It's an amazing feeling to wake up not full of dread and wanting to write. It's now been suggested to me by a couple people that I use the writing here as a basis for a book, which is a lovely complement. And I may well do that, but somehow I fear it becoming too self-conscious if I start thinking of it as a book rather than as a blog about transition.
Also, I have the Amazing True Imaginary Autobiography of Dick and Jani to consider, which project is what led me to seek out the Bukoskis in the first place. On the other hand, that book may get integrated with this writing somehow, as clearly even the 'grandmother' book is as much about me as them. What I think sometimes when I'm attempting to write in their voices and 'they' start talking back to me (which I record as writing...hard to explain and no I don't think I'm a medium or something, it's just this weird experience I have - have had for a while - where I can somehow communicate with people who are dead - but not in a hooey way - it's quite down to earth...and I know it isn't them but it is them...OK I sound like a lunatic now, but it's the best way I can explain it for now...) is: I don't know what their internal lives were, I can only guess, which is the point of the book...but it may be better to do from another angle...I'm not sure. For now, however, I think the relative impossibility of the task is why it's good for me to do regardless of it's future...

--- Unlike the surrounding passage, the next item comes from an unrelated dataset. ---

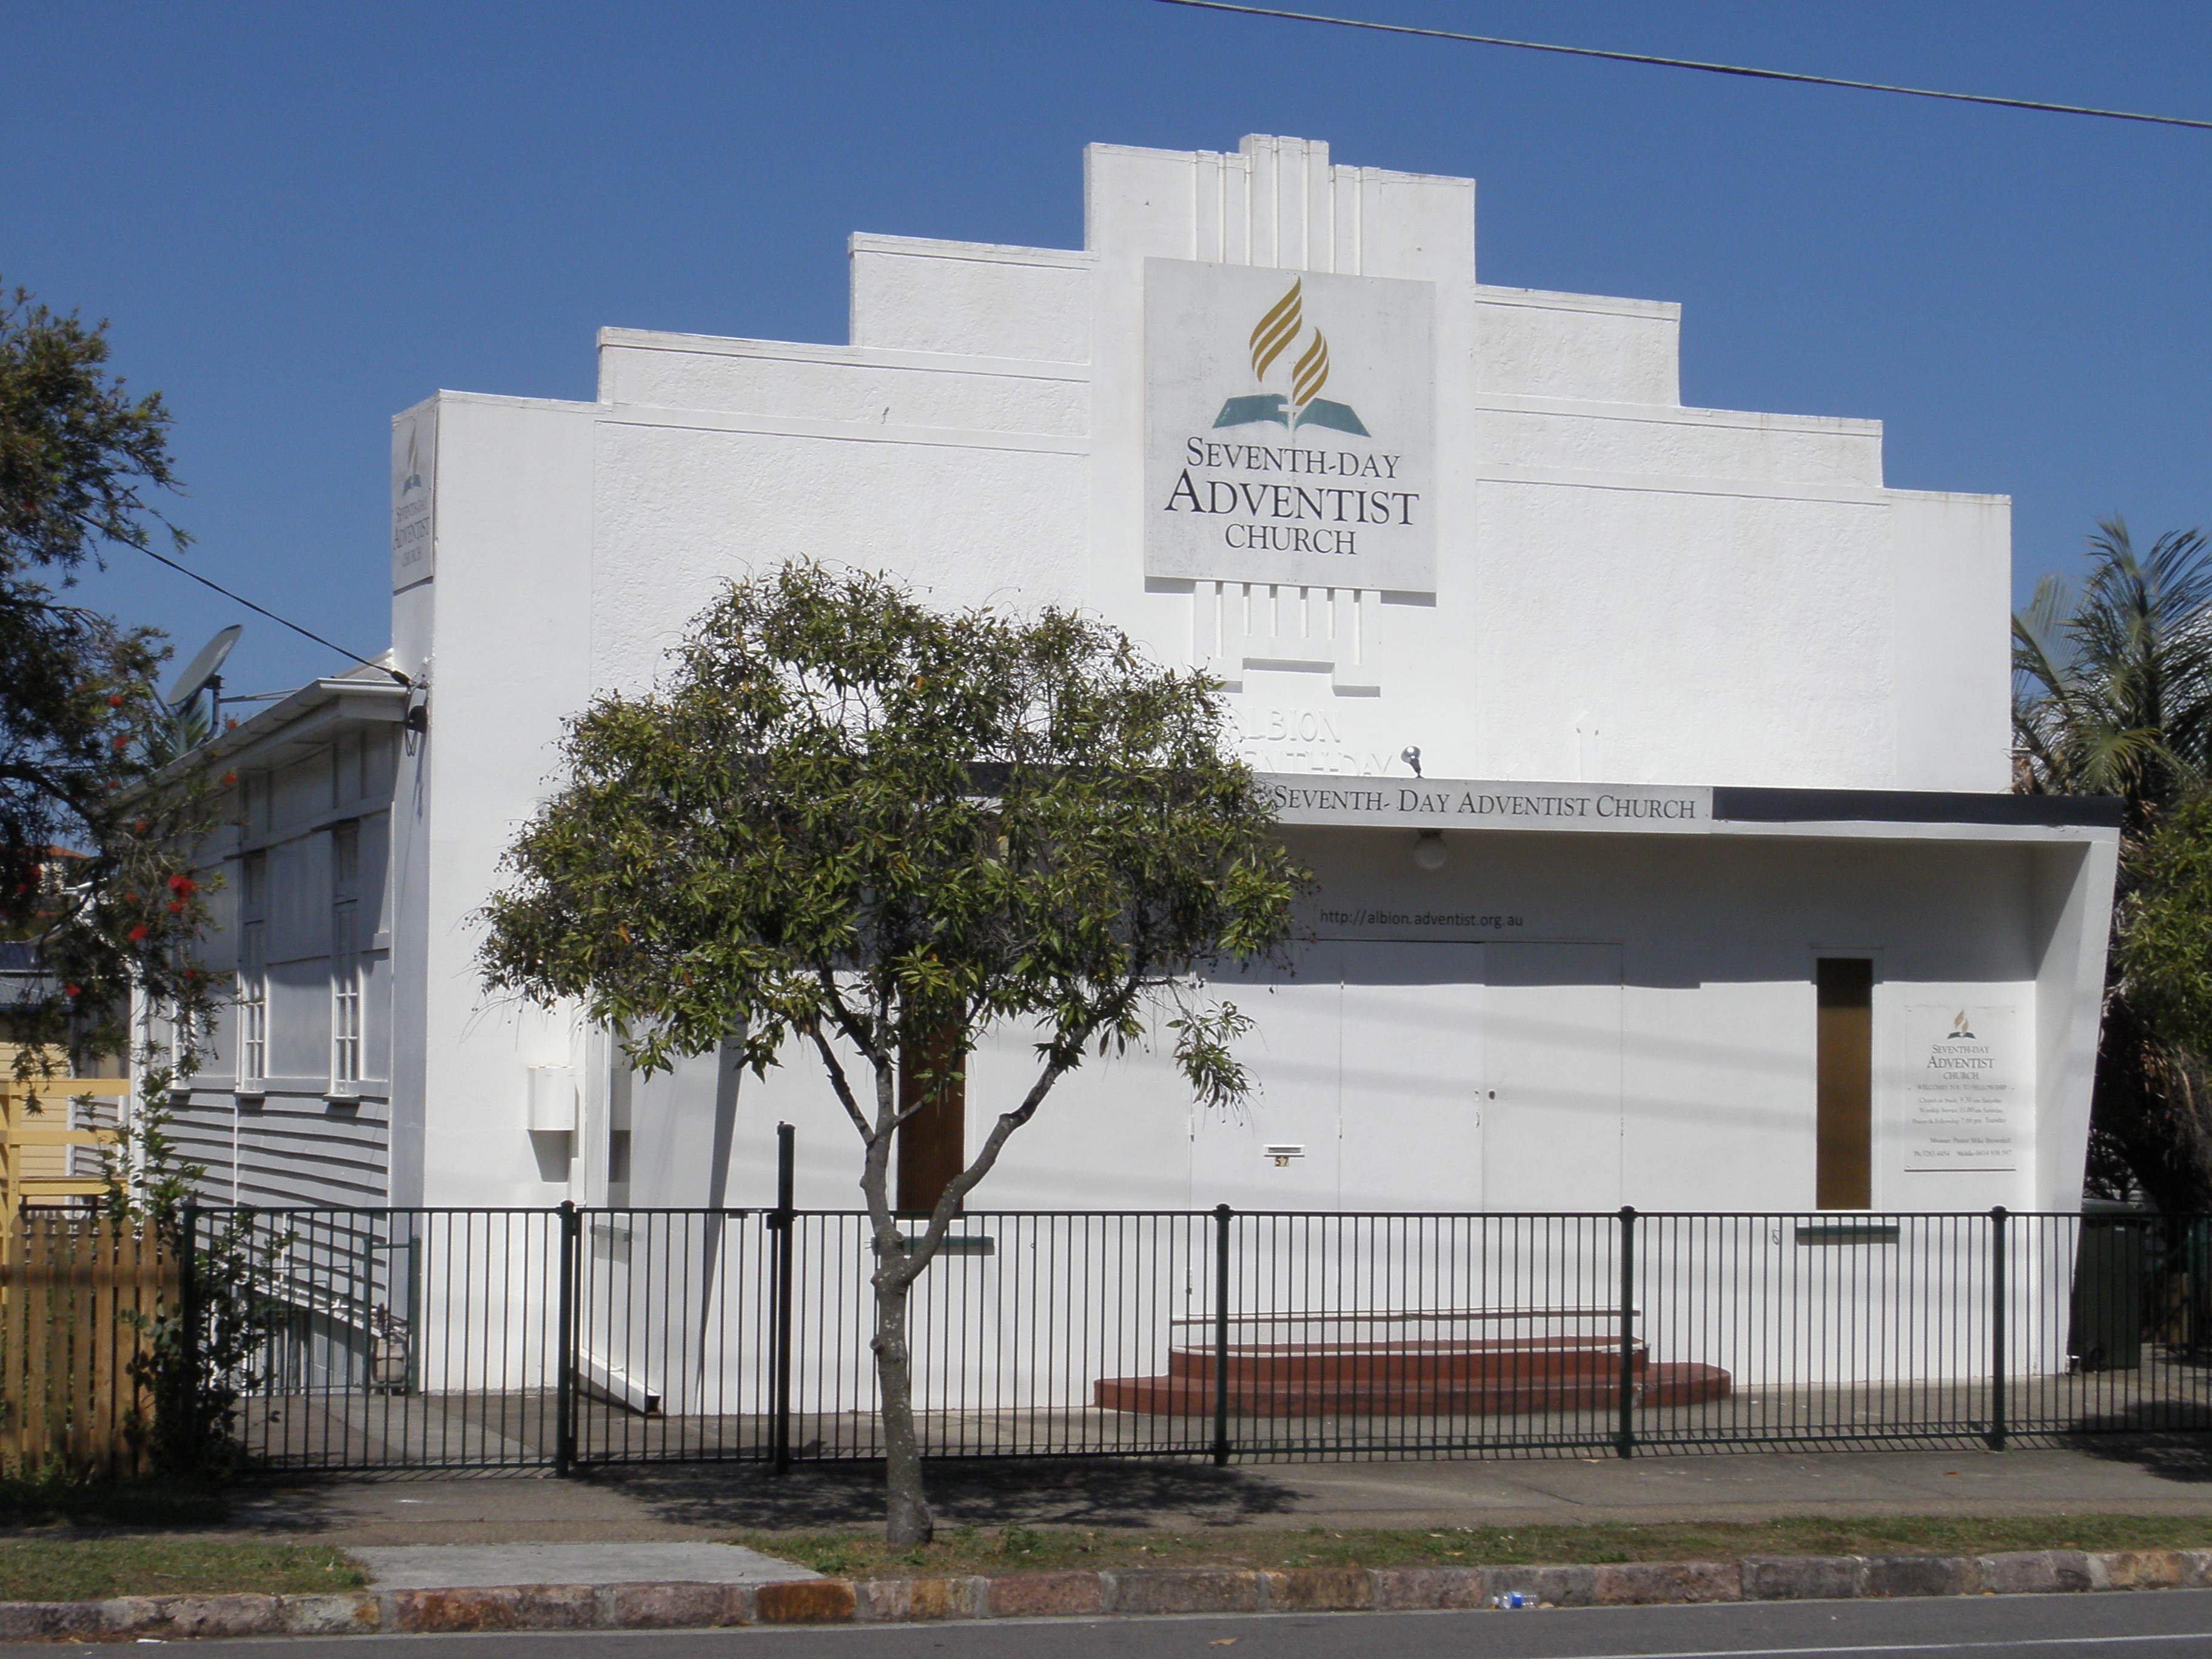 This is an image of the Heritage Place known as the Albion Seventh Day Adventist Church located on 57 McLennan Street in Albion

And speaking of dead people I talk to...oh where to start with this...there are so many angles. First, there is the experience of when my grandmother Jani died and I did not know the precise moment, but I was writing a poem - I was at a school retreat - an Emily Dickinson retreat in Amherst, Massachusetts believe it or not - with our amazing long white-haired English teacher Mrs. Talkington. At boarding school on scholarship, I felt socially inept, but I did have and must now honor - some amazing teachers. Mrs. Talkington was one of them - a large woman in every way, body, spirit, personality and generosity. She was the kind of eccentric woman every teenage girl should have the privilege of knowing. Somehow she had wangled it that a few of us could spend the weekend with her in Amherst, Massachusetts under the guise of exploring the life of Emily Dickinson. What we actually did in my recollection - it being the 1970s and everyone not being so hyper about everything - was hang out in folk clubs and get pleasantly soused on red wine. We were the 'good girls' so by that age we could get away with anything. If you looked at us as a group, you would have laughed. We looked like a miniature set of blue-stockings, very pale and earnest, wearing peasant skirts with sensible shoes and giggling non-stop. Mrs. Talkington, not dissimilarly from Jani, also had - much to our intrigued and slightly scandalized surprise - a younger lover who she was meeting up with in Amherst that weekend. He had long blonde hair as I recall, and we all looked on in some kind of mixture of awe and confusion at this pairing. We who were so self-conscious and hyper-critical of our young bodies seeing this large older woman fascinating this attractive younger man...what were we to make of this? But the clear advantage for us was: we could do what we wanted and we did.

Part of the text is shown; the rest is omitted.